Agentic Research Wins Where Markets Don't Exist
Why our AI couldn't beat Polymarket — and what that proves about where it does win
Category: Position Paper (Lane 2) · Source PRD: 2026-03-25-2350 (CLOSED — negative result)1. Thesis
We spent real engineering effort trying to use an AI agent swarm to make money on Polymarket. It didn't work, and we now understand why with enough precision to state it as a finding: a general-purpose AI reading public information has no durable, after-cost edge betting against a liquid prediction market — and the choice of model (Gemma, Haiku, Opus, anyone's) does not change that. It is the same reason index funds beat stock-pickers: the price already contains what we know.
The more useful half of the finding is the inverse. The thing that makes MSR's agentic research valuable — deep, structured, continuously-collected intelligence on local and institutional topics — is valuable precisely because no liquid market prices it. Our edge and efficient markets are orthogonal by construction.
2. Evidence
- Outcome. 21 closed trades, 28.6% win rate, -$9.44 realized. Order fill rate 2.3% (819 of 840 attempts failed). The most recent trades were 100% losses. Every profit/canary readiness gate stayed blocked the entire time.
- The markets we could find were the markets we had no edge on. A live scan of 5,000 markets surfaced top books on the 2026 World Cup, MicroStrategy's Bitcoin holdings, the Peruvian and Colombian presidential elections, and Roland-Garros tennis. None intersect what MSR researches.
- Backtest comfort vs. live reality. Backtested consensus accuracy was 70-75%, but live lost money — and the sub-evals were weak where it matters (evidence_citation 43%, edge_estimate 67%). Calibration is not edge when the market is already calibrated.
3. Framework: the Orthogonality of Agentic Research and Prediction Markets
Three properties decide whether any researcher can profit from a prediction market:
1. A market must exist and be liquid — enough volume to take a position without moving the price.
2. You must hold information the marginal trader doesn't — better, earlier, or more structured.
3. The edge must survive costs — spread, slippage, fees, and fill rate.
Mapped to MSR's footprint: Texas county / municipal / grants / procurement -> no market (deepest edge, no surface); AI-education / FERPA -> no market; Tech-Scout / AI ecosystem -> public, real-time, faster crowd (edge <= 0); US political discourse -> most-efficient category (edge 0); public health (CDC NWSS wastewater) -> rare, thin (the one candidate); geospatial -> no market.
The pattern: liquid markets form around mass attention; MSR's edge lives in institutional, local, slow-moving domains that attract no betting market. The intersection is nearly empty, and the one non-empty cell collapses under scrutiny.
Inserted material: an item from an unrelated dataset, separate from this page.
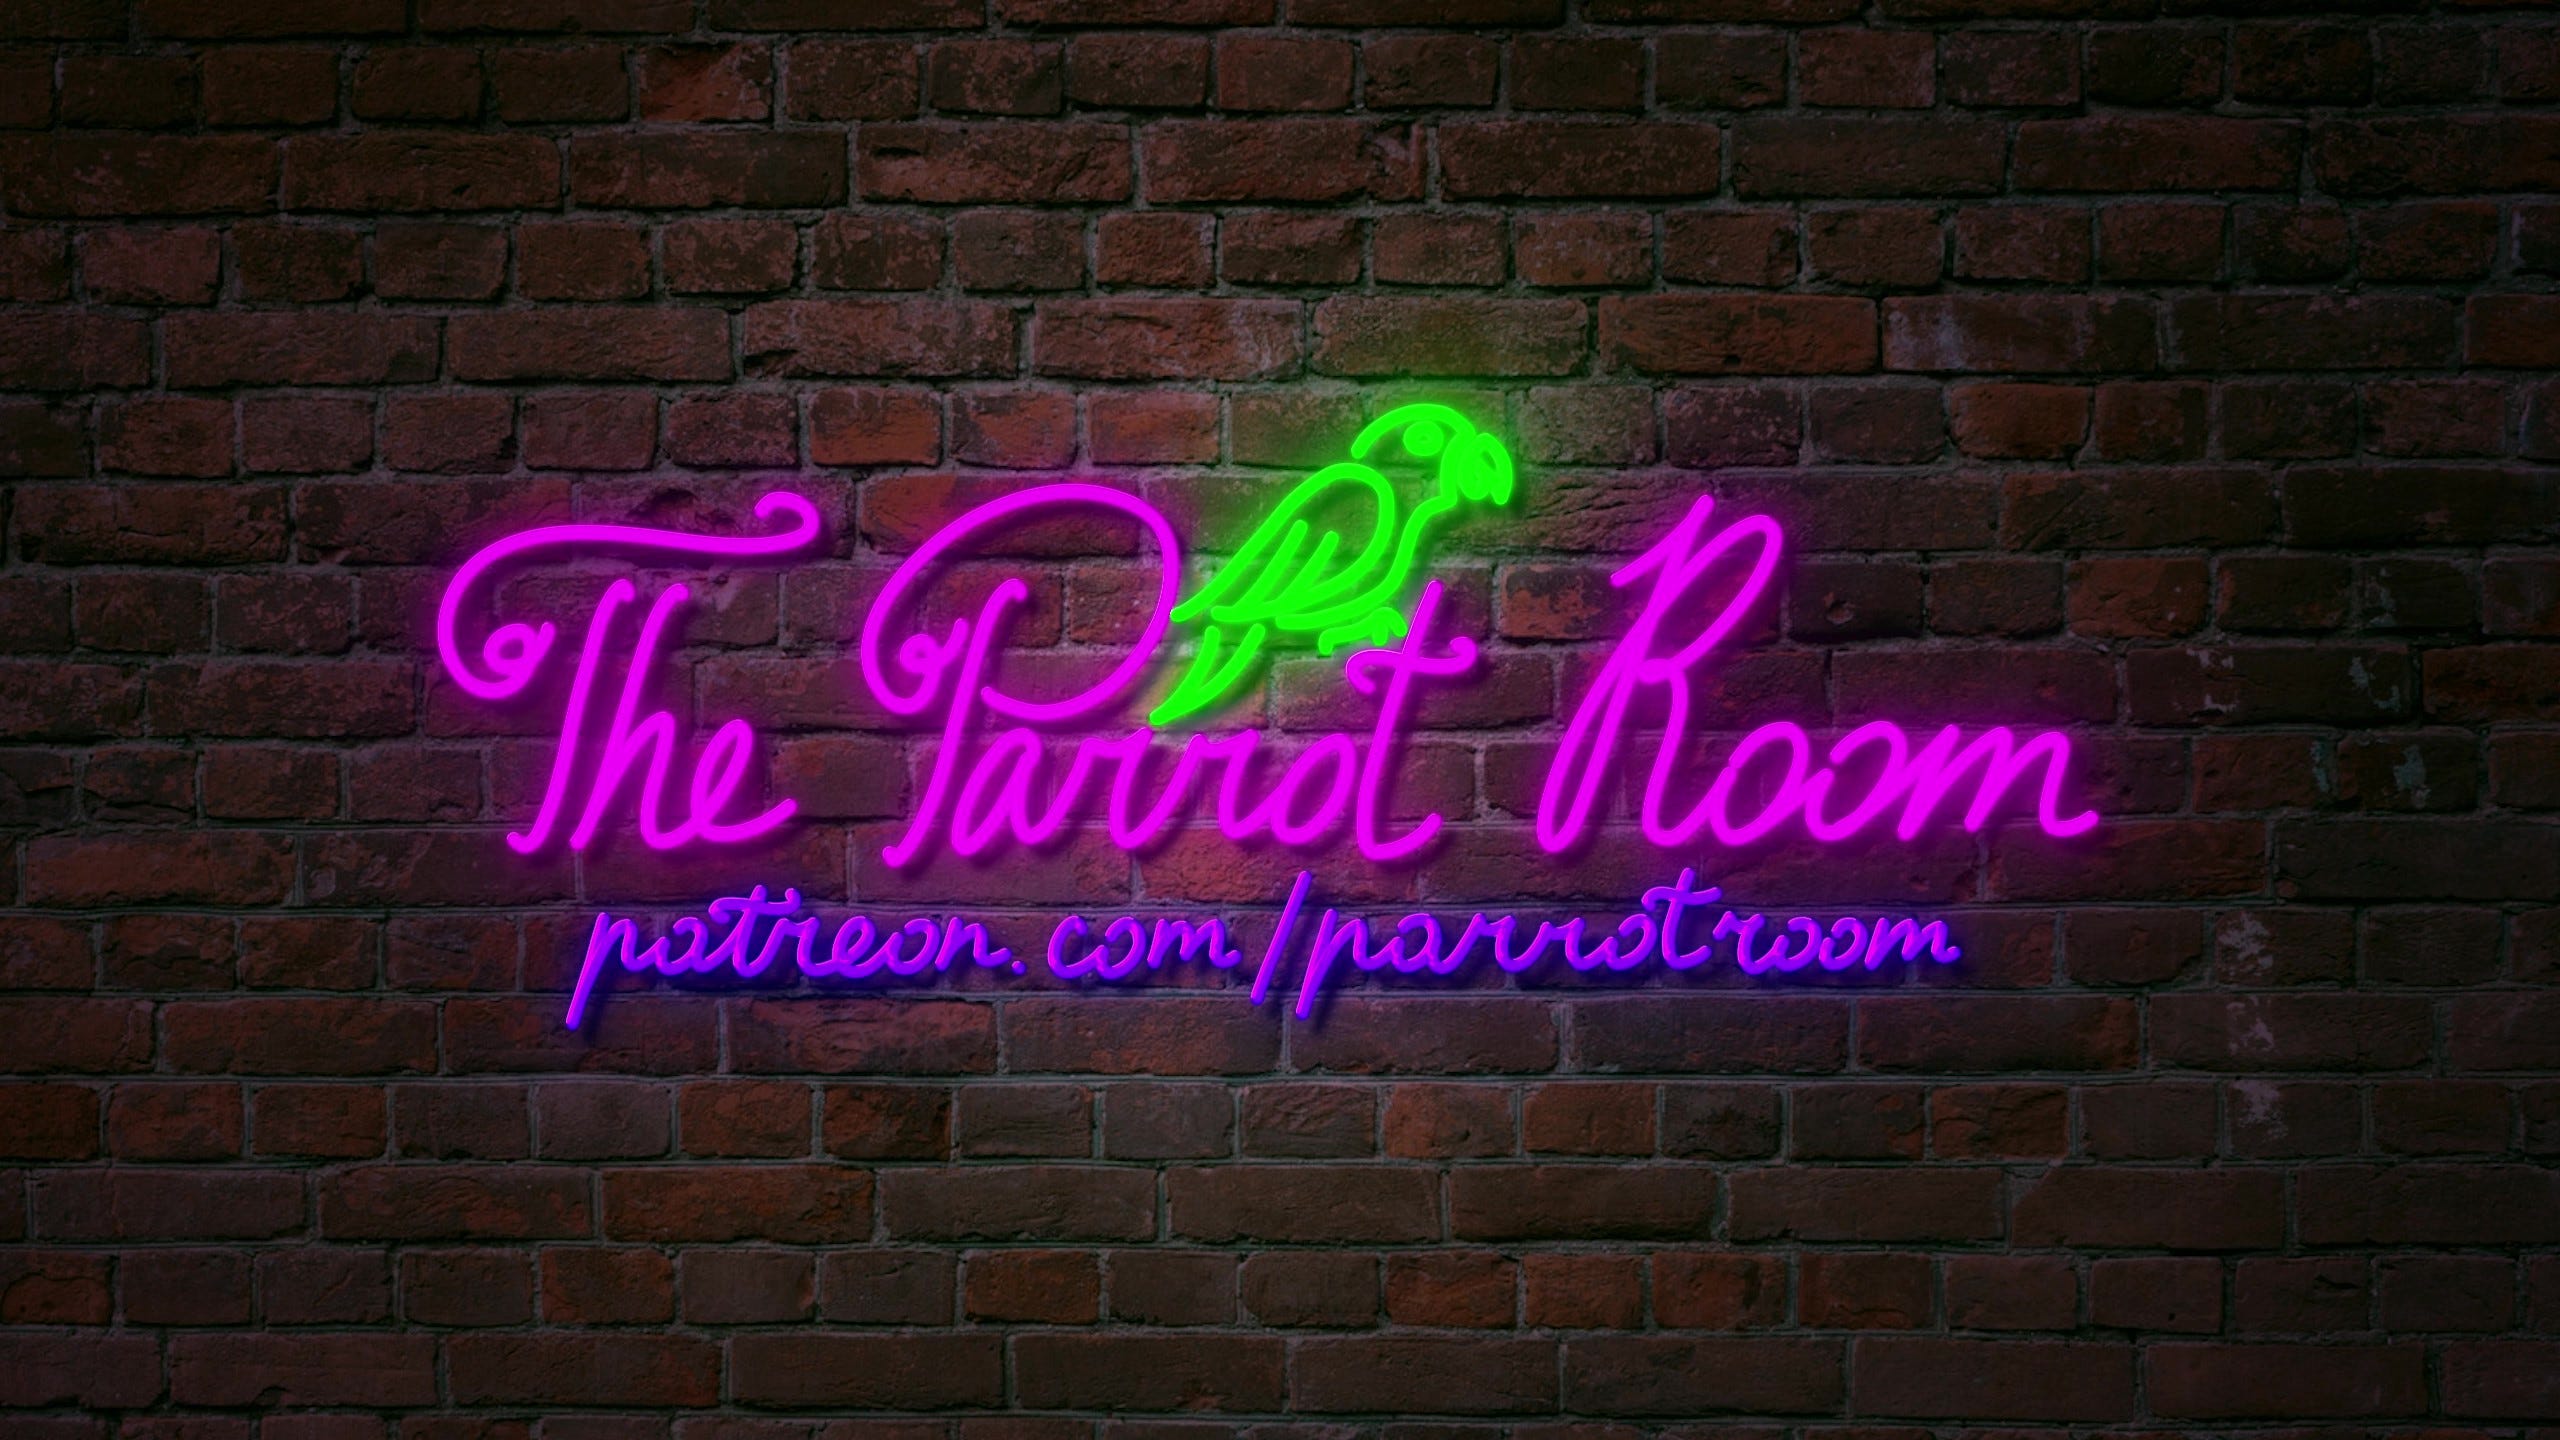 Parrot Room: Don’t Short the Parrot

4. Case study: killing the one real candidate
Public-health markets were the only place MSR ingests a genuine leading indicator the betting crowd doesn't systematically watch — CDC NWSS wastewater data leads case counts by 1-2 weeks. We tested it directly (Gamma API, 2026-06-02): health markets are ~1% of the active book, and the only one listed was "Hantavirus pandemic in 2026?" It fails twice: hantavirus is not tracked by NWSS wastewater surveillance, and "pandemic" resolves on a WHO/CDC declaration — a bureaucratic event — not a data threshold our feed could front-run.
5. Implications
1. Don't buy "AI alpha" on liquid markets. If a vendor claims an LLM beats prediction markets or public equities at scale, the burden of proof is enormous, and our own honest attempt returned the expected negative.
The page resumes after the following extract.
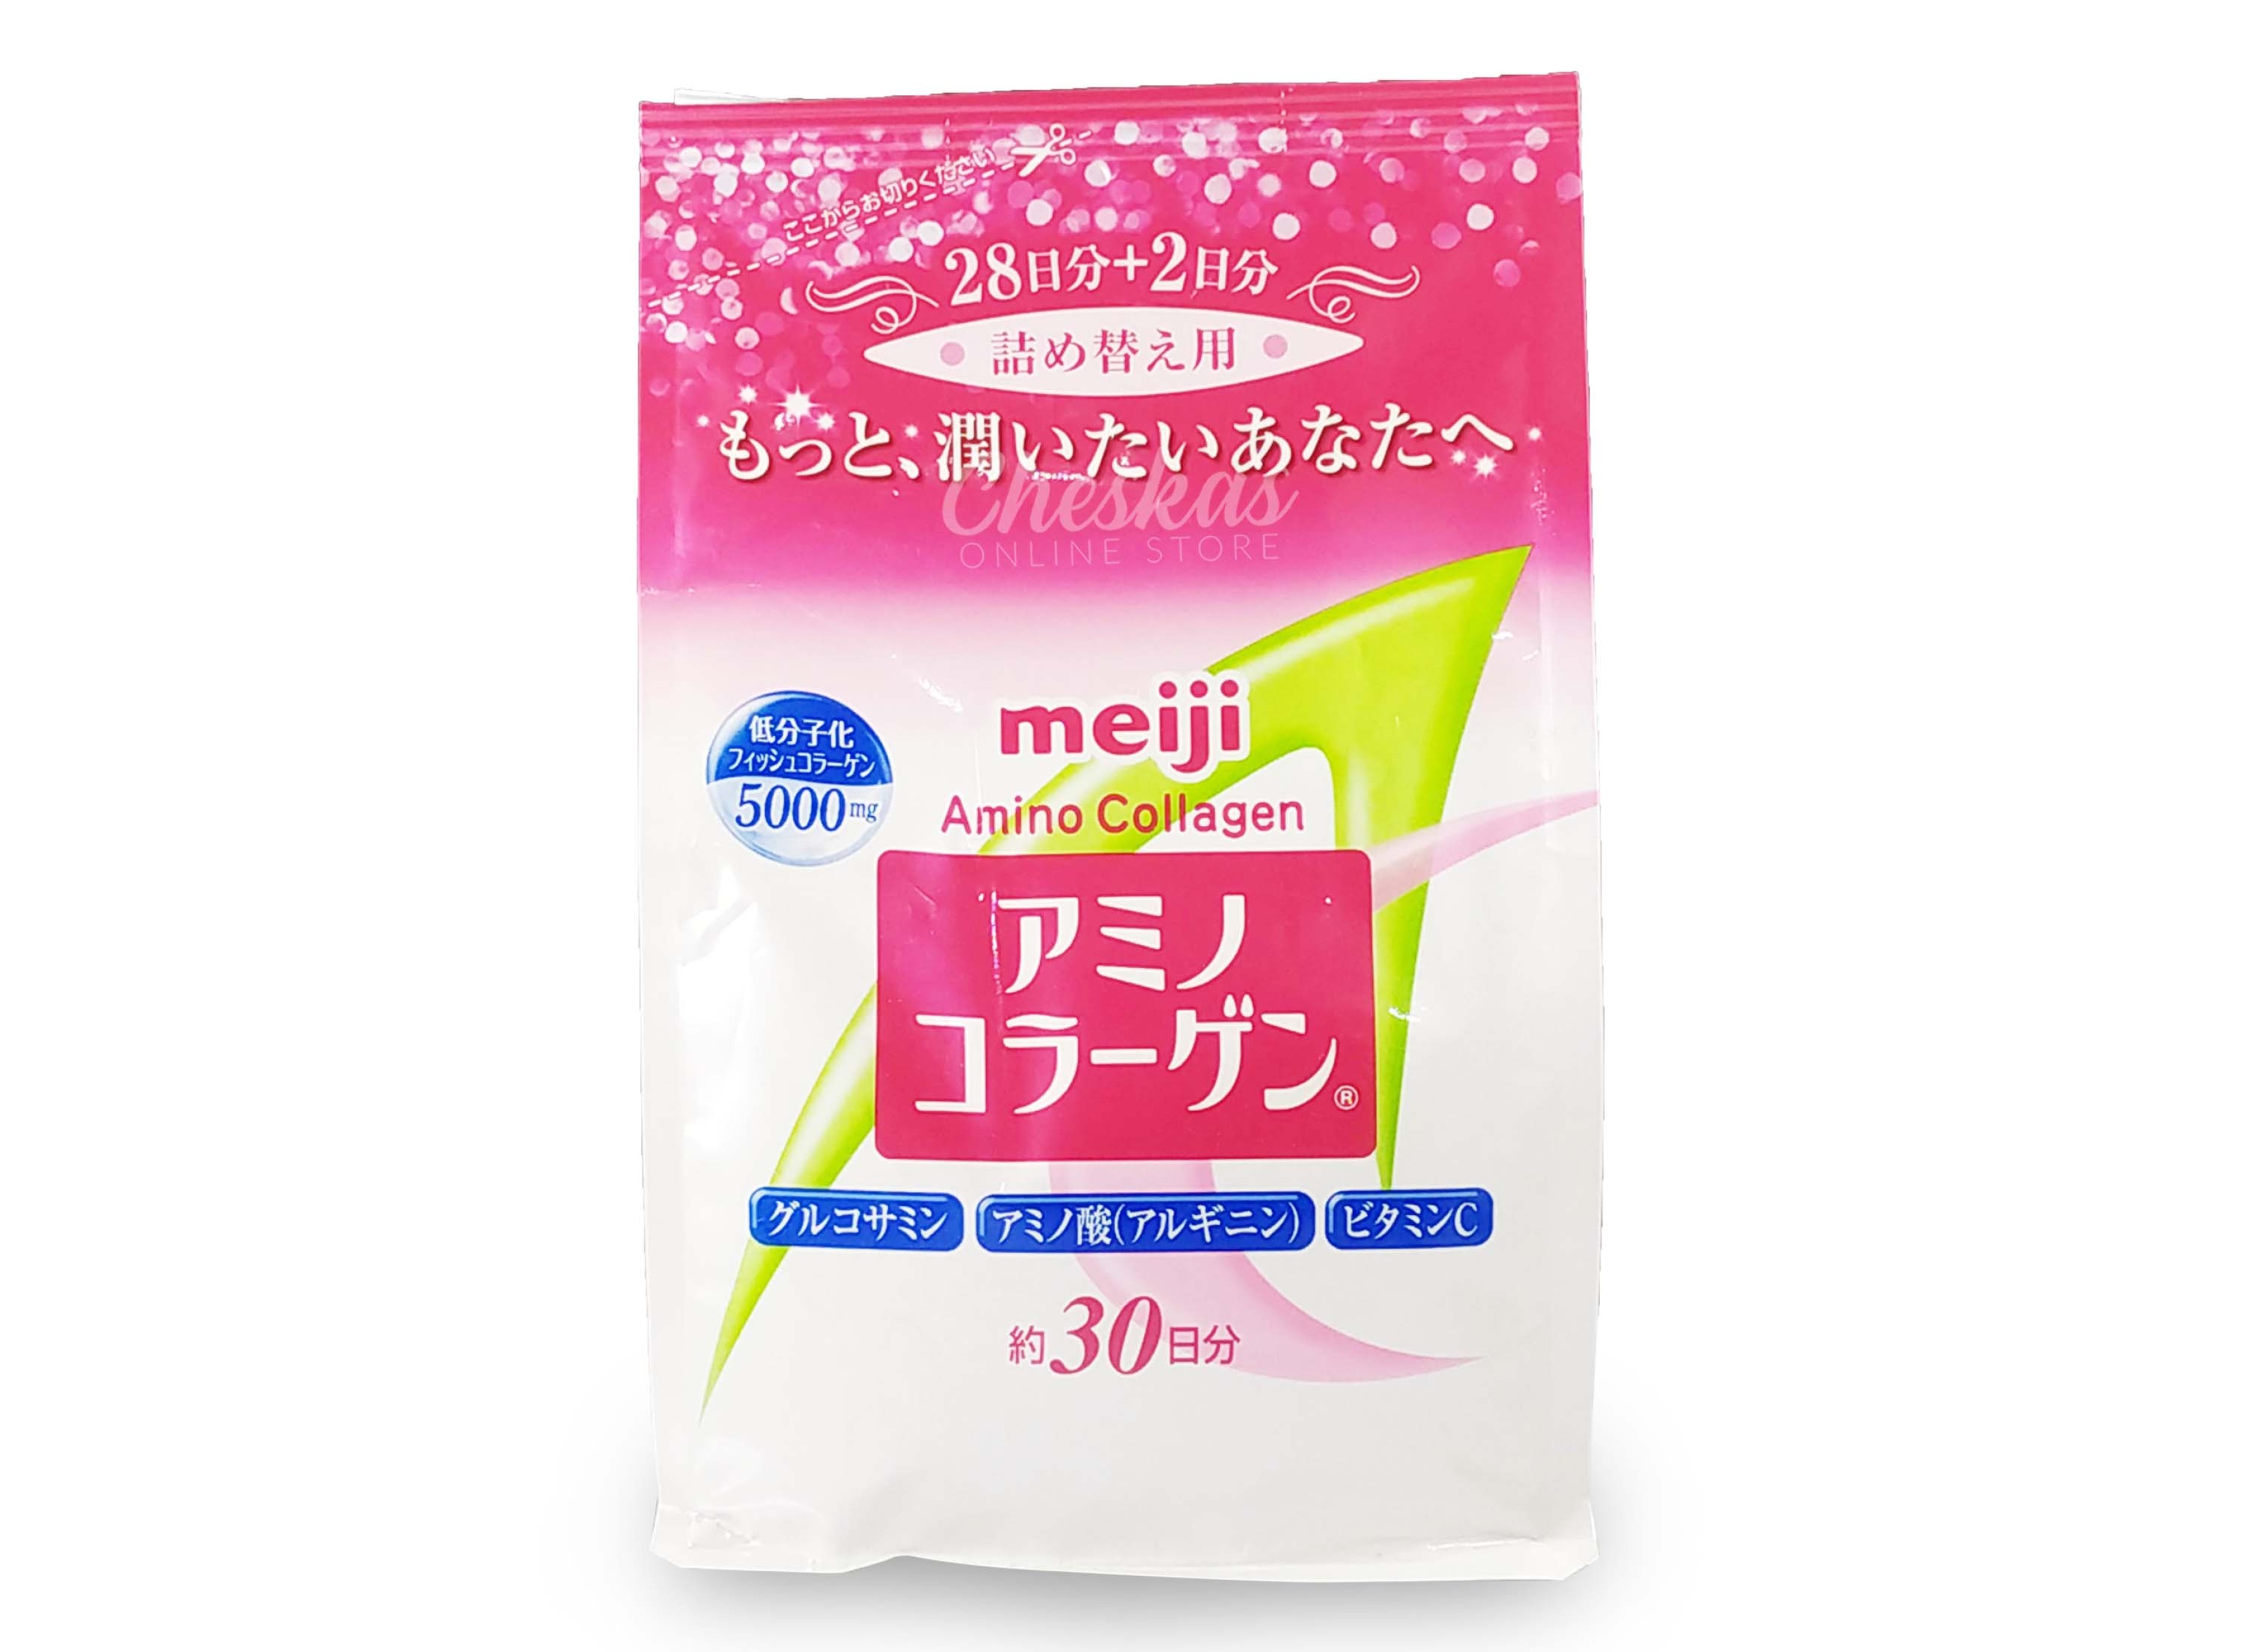 Meiji Amino Collagen Powder Regular Drink better than ivi

2. Point agentic research where markets are absent — local-government and grant-outcome forecasting, where structured intelligence is scarce and no efficient price competes with it.
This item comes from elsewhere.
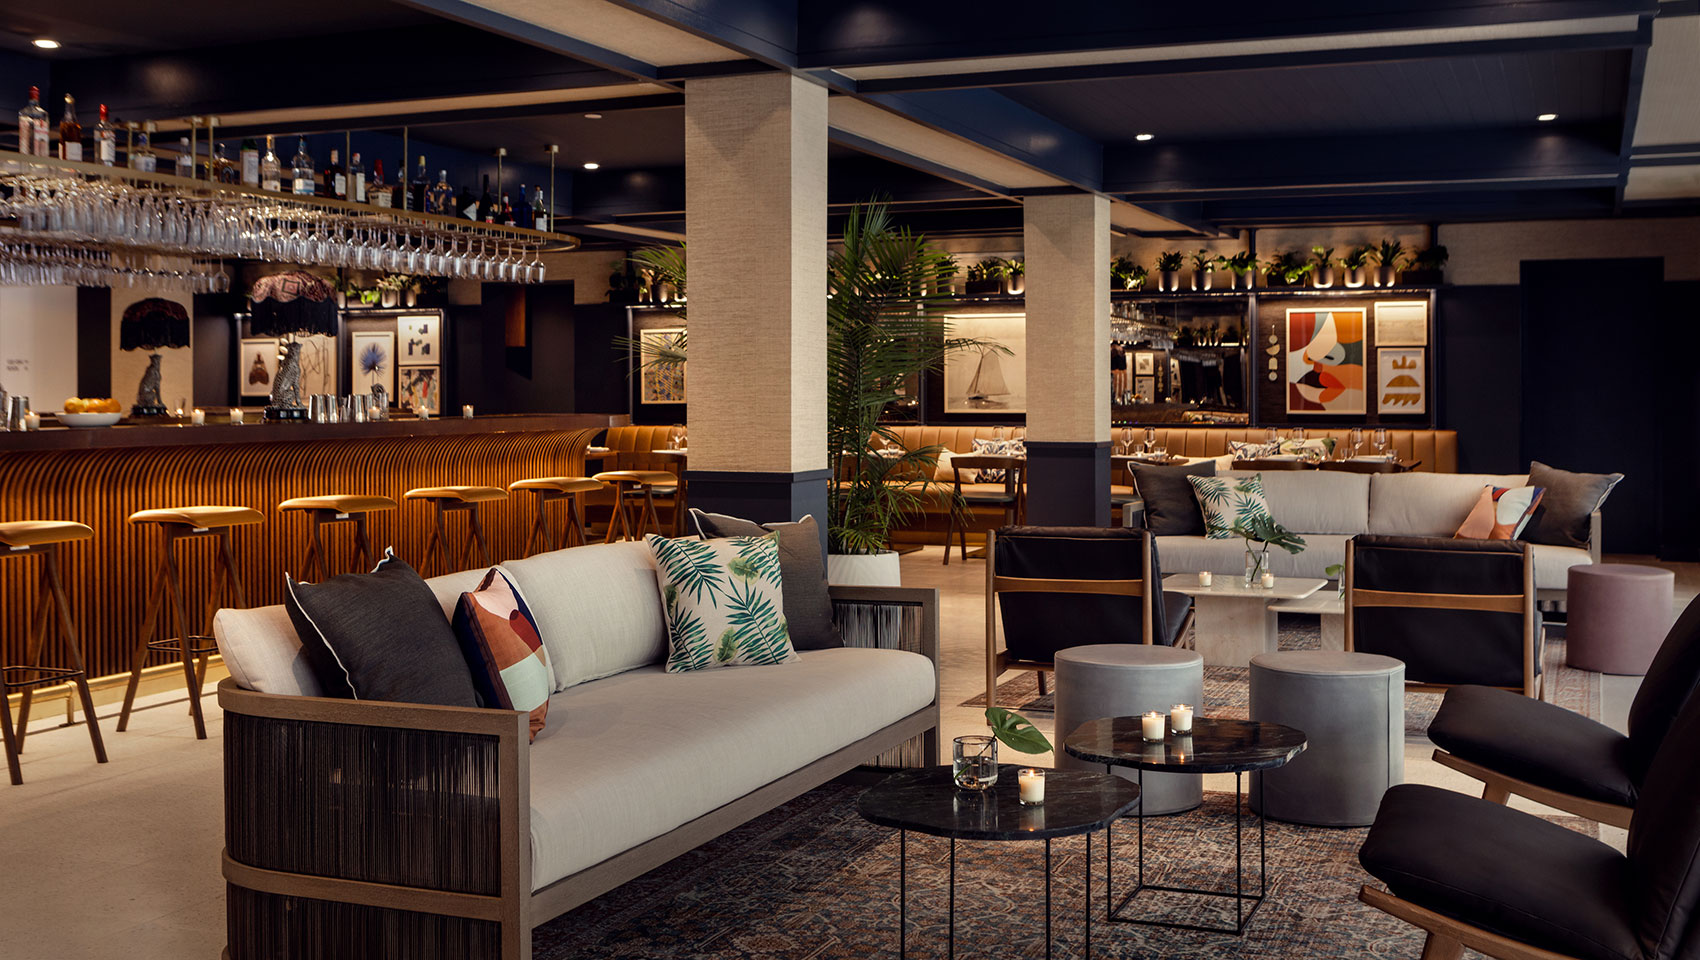 La Fuga lounge with bar and seating

3. A negative result, published honestly, is an asset — more credible than another hype claim, and it argues directly for what MSR actually sells.
6. Limitations
Single operator, small capital, ~10 weeks. We did not exhaustively test illiquid long-tail markets (unsizable by design) or ultra-low-latency news trading (a game retail loses structurally). The bounded claim: no durable, scalable, after-cost edge for a public-information AI against liquid consensus.